Each line below must be transcribed exactly, and no picture may appear in the transcription.

▶ **Data extract**:

● ● ● ● ●

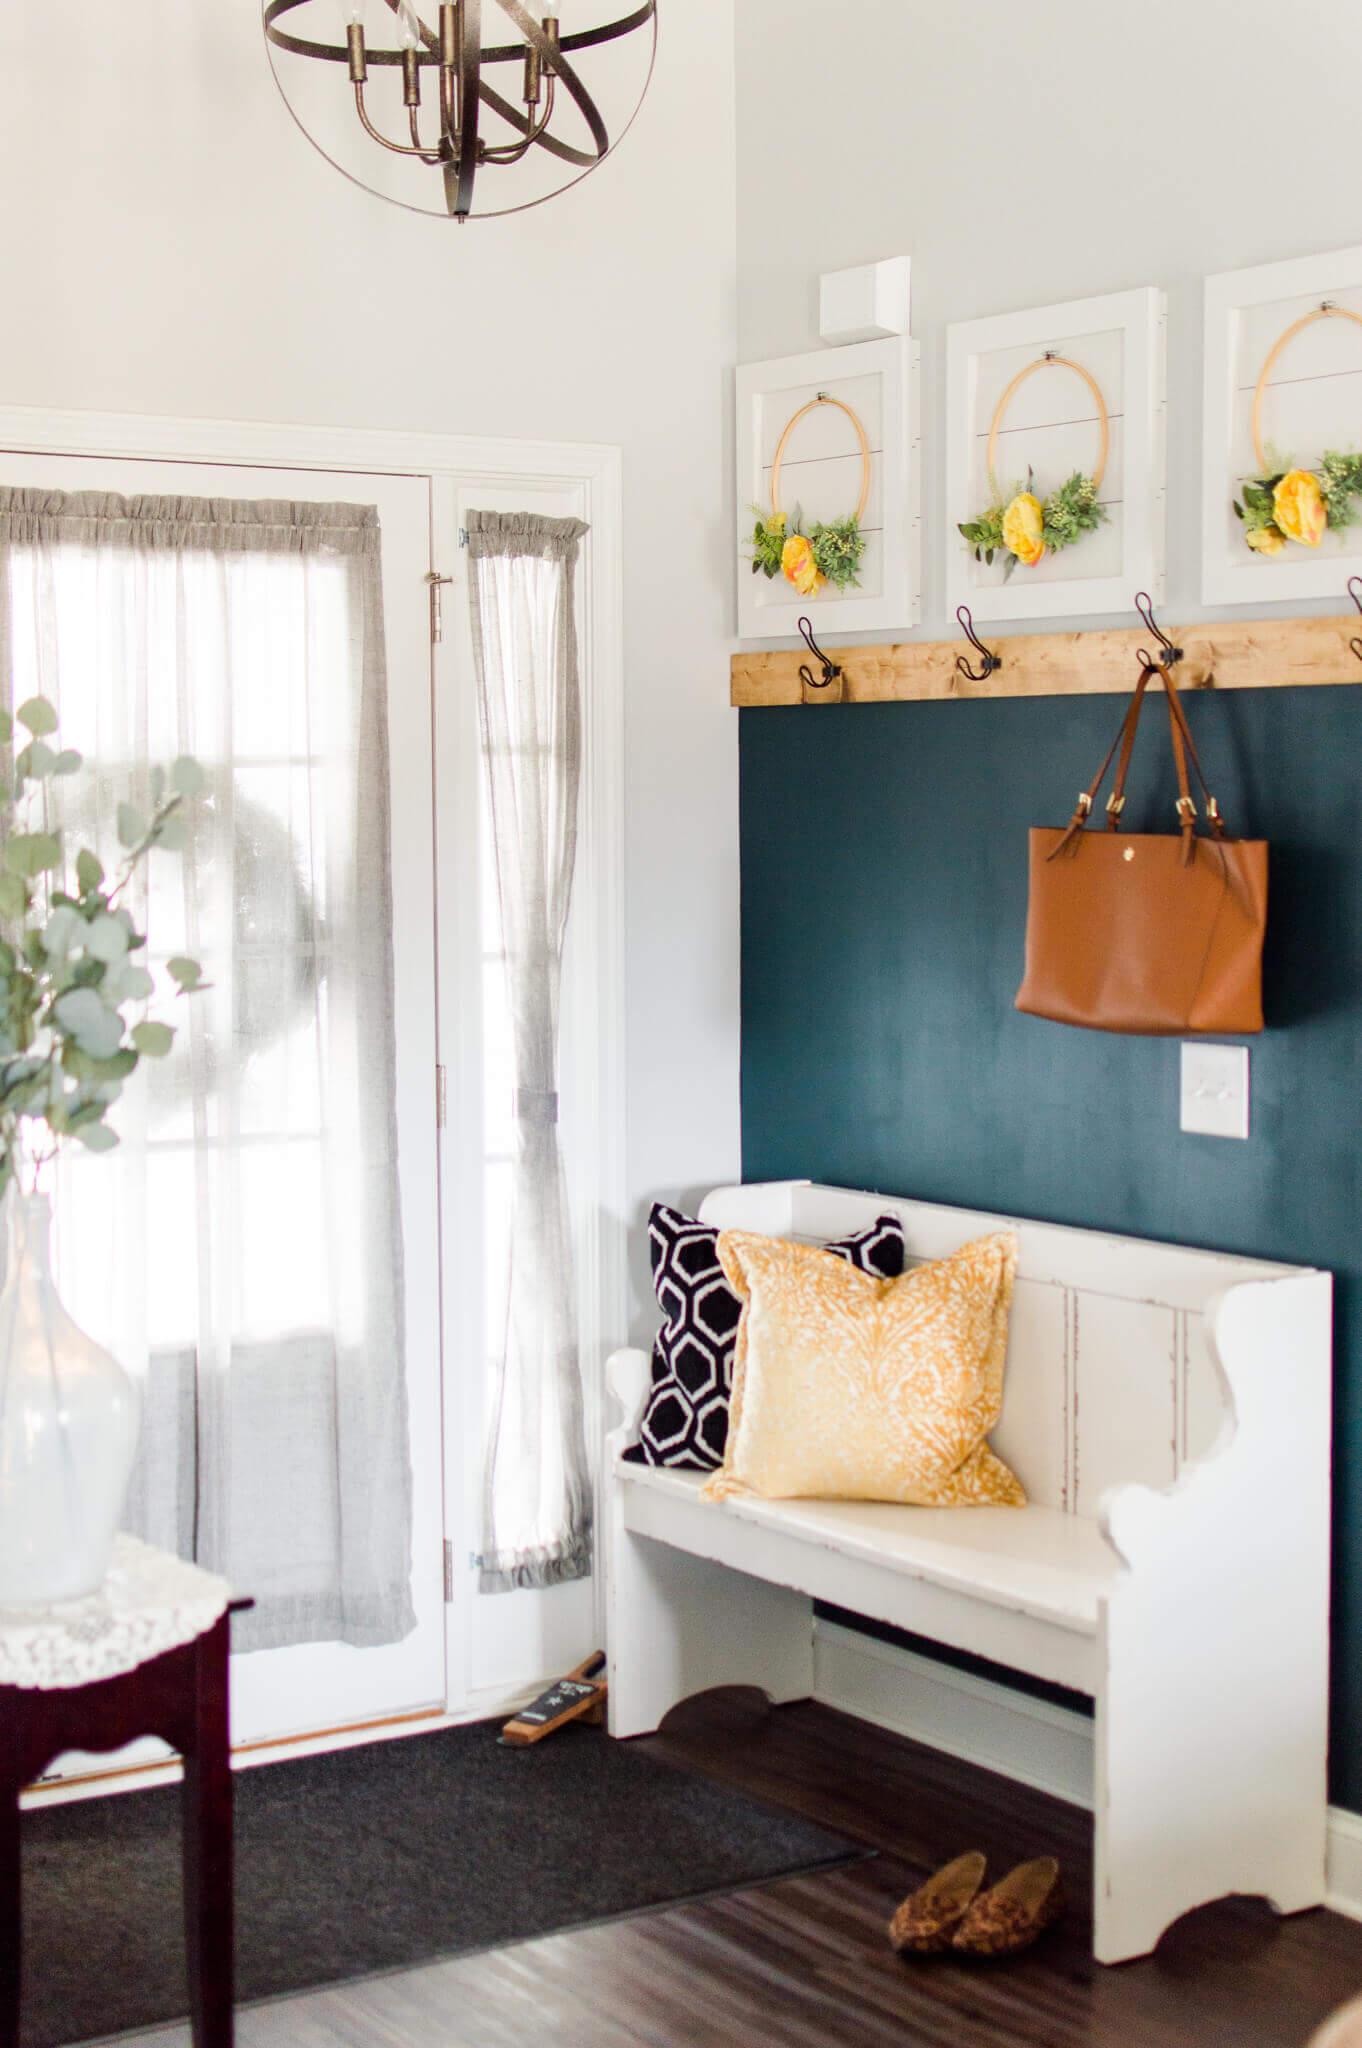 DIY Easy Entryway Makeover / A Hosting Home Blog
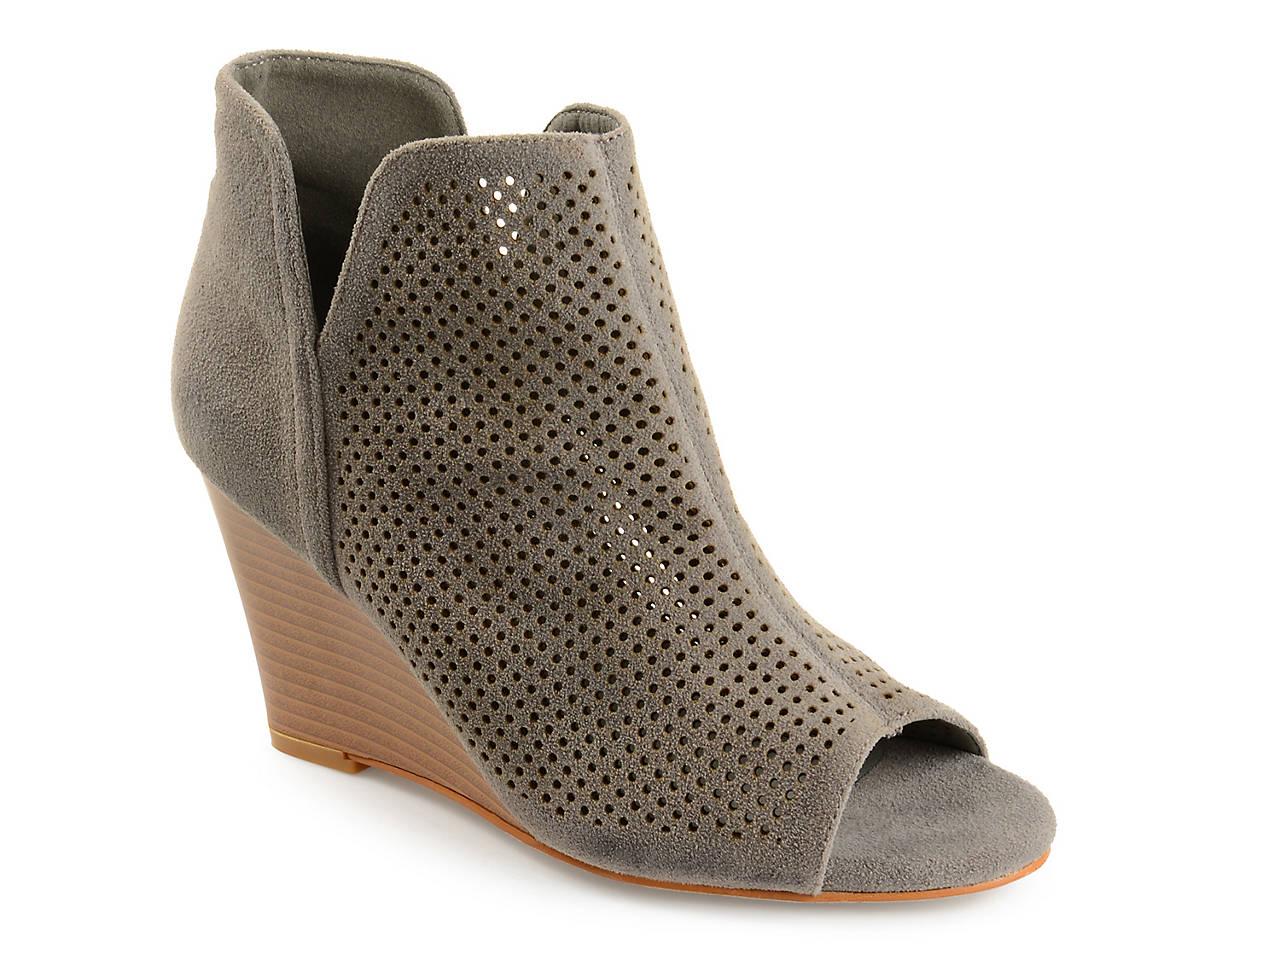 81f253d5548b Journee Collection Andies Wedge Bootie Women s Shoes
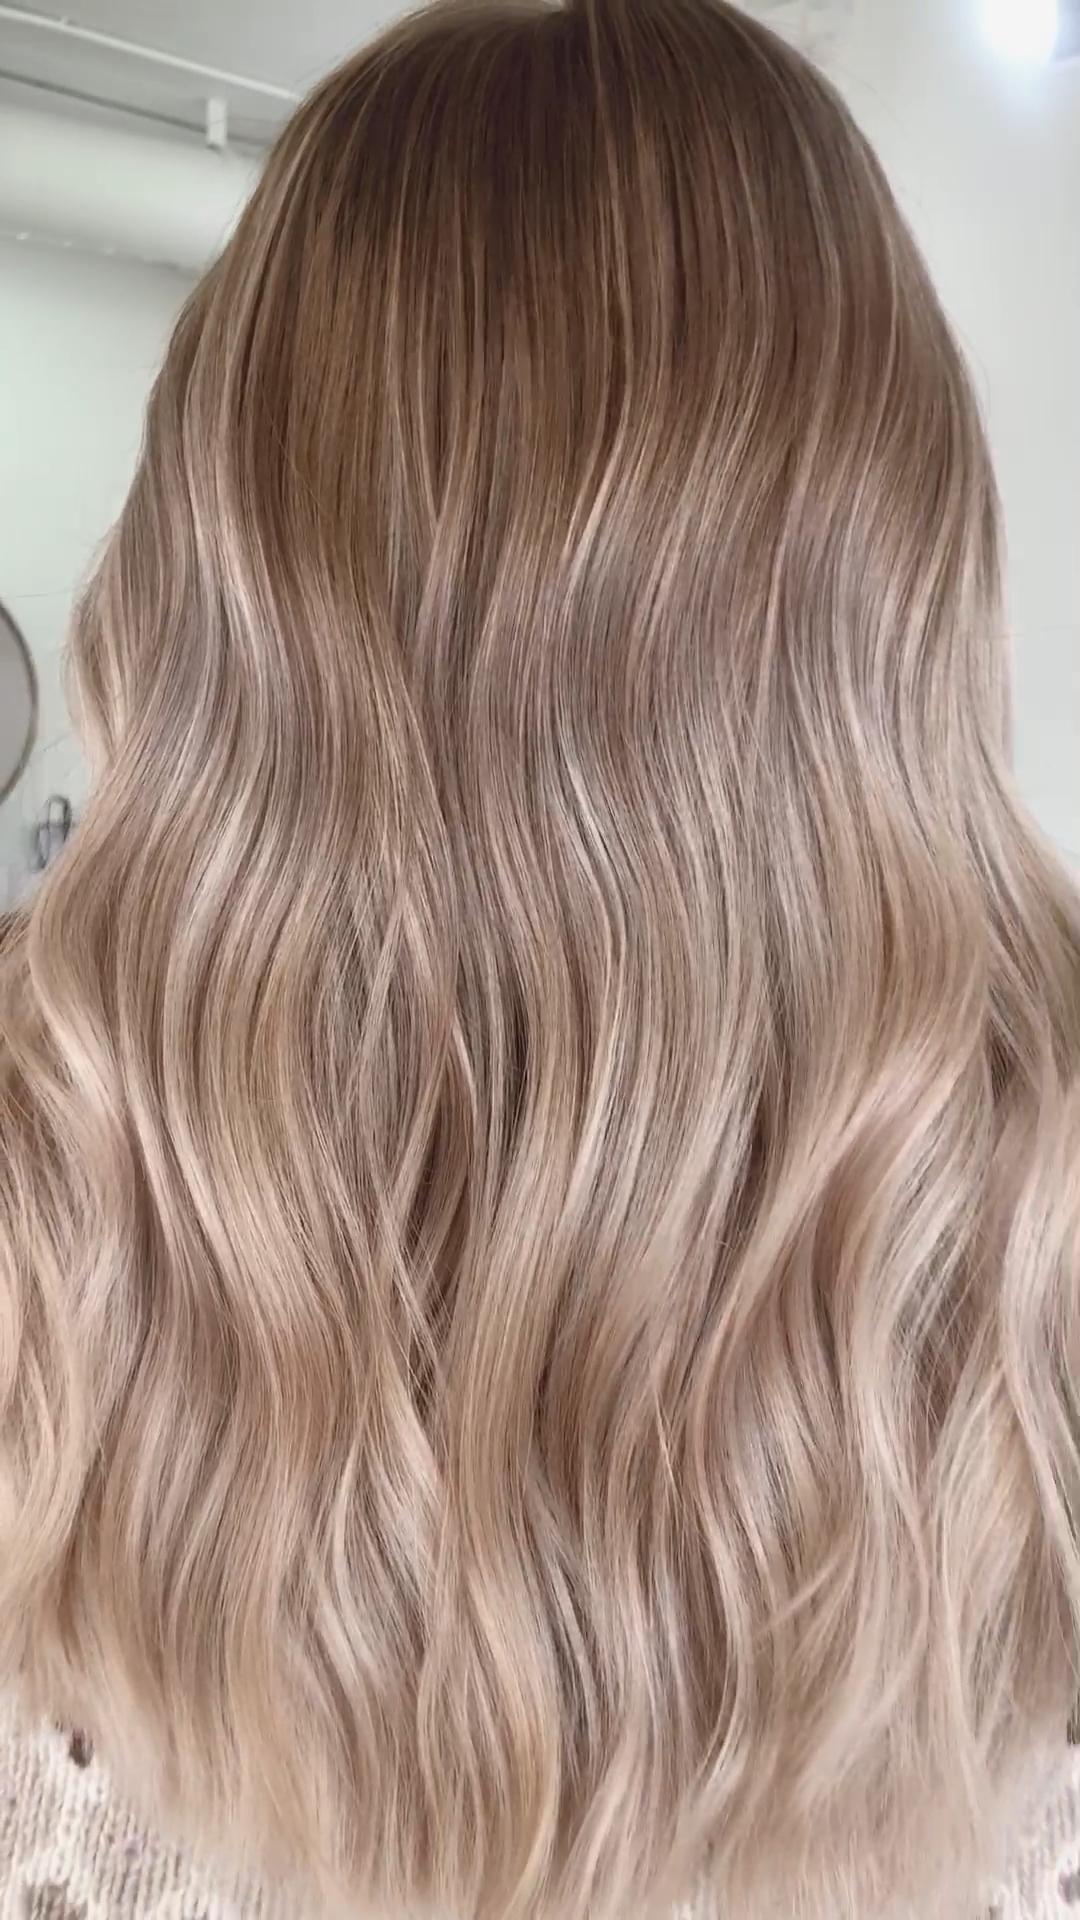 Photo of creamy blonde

● ● ● ● ●

▶ **Exercise answer**:
 DIY Easy Entryway Makeover / A Hosting Home Blog
 81f253d5548b Journee Collection Andies Wedge Bootie Women s Shoes
 Photo of creamy blonde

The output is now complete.